I posted this earlier (duh, I guess that's why I'm editing it, eh? ). Anyhow, after doing a little more research (thanks indy) I found that the SAF states (I think) that they are actually more like between 25 and 26 gauge which makes the Maxants roughly 90% thicker (if I'm not *way* off base). Somebody please correct me if I'm wrong here!!!!


----------



## Andrew Dewey (Aug 23, 2005)

Intheswamp said:


> Andrew, I checked your blog out. Am I correct in thinking that you currrently have eight 8-frame hives that you are working?
> Ed


Thank you! I currently have exclusively 10 frame equipment and use shallows as honey supers. All together I have around 40 hives.

My first extractor was a four frame SAF and while it worked well at extracting honey (and I really liked the built in strainer and bottling tank), the extractor danced something fierce and I used to grip it in a bear hug while cranking it at the same time. I have since lent the extractor to a friend and I honestly hope I never see it again.


----------



## SWM (Nov 17, 2009)

Ed,

If you have access to an extractor from your mentor then I suggest you take advantage of it and chill out this year...extractors will be available forever. Wait until you have saved enough money to buy the best quality available (Dadant or Maxant) and plan for expansion if that's where you're headed. I bought my Dadant 20 frame in 1989 and had to save a lot of "honey money" before I could afford it. But I have an appreciation for quality and I've never regretted it because it still looks and works as good as the day I bought it. The SAF stuff may get you by but there is a reason it sells for a lower price.


----------



## Intheswamp (Jul 5, 2011)

Andrew, your last sentence brought a audible chuckle to me...thanks, I need it. 

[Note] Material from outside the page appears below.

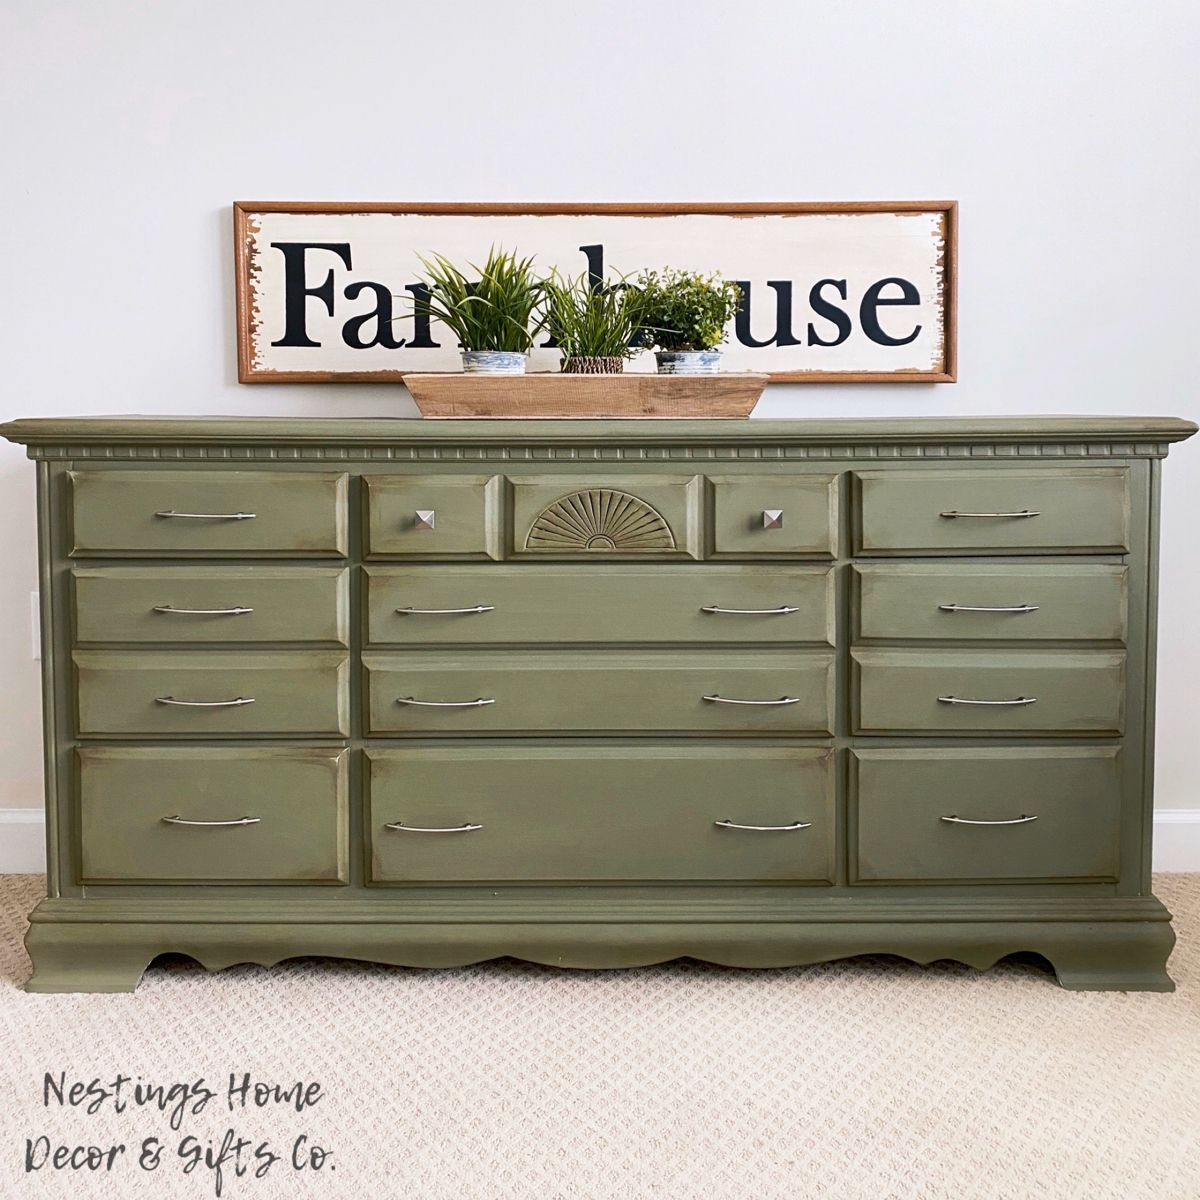 #anniesloan #anniesloanchalkpaint #chalkpaint #chalkpaintfurniture #furniturepainting #furnituremakeover #furnitureideas #upcycling

Forty hives...that gives me an idea of the type volume you're running through the 1400. This is my first year and have 3 hives. I've got plenty of room here at the house and some more property for an out yard at the swamp.  I'm hoping to work on increasing my colony count by several next year and would love to have eight to twelve hives going into next winter. My mentor peaked out at around 60 hives and I would like to work up into that range in a few years myself. I'm a newbee that's looking at a big investment whichever extractor I get and still having a LOT to learn about bees. I just want to buy once and be done with it.<sigh>

I'm just not sure...
Ed


----------



## Intheswamp (Jul 5, 2011)

SWM, somehow I missed your message earlier. Yes, you definitely get what you pay for. I may just do what you're suggesting and wait a while. Though it would be a hit in the wallet I could afford getting soemthing in the neighborhood of the Dadant 6/12...23 years of service...that's saying a lot for that Dadant!!! I'll keep that in mind.

I'm also trying to wrestle it out in my mind exactly how big I want to go...and whether a smaller extractor would be a bottleneck for the time I have for extracting. I know bigger is better, but it does come at a price.  I would go with the Masant 3100P but being as it's only a 6 *radial* frame extractor I'm a bit hesitant...if it was an 8 or 9 frame pure radial it would be a no-brainer. I'm also still a little concerned about the 3100's side-by-side frame holders...seems like fat combs could cause a problem, but several folks have said that it's not a problem. The 1400PL is $$$ more expensive and I don't know whether I would eventually utilize that much capacity or not. Ah well, it'll all work out....one way or the other. 

Take care,
Ed


----------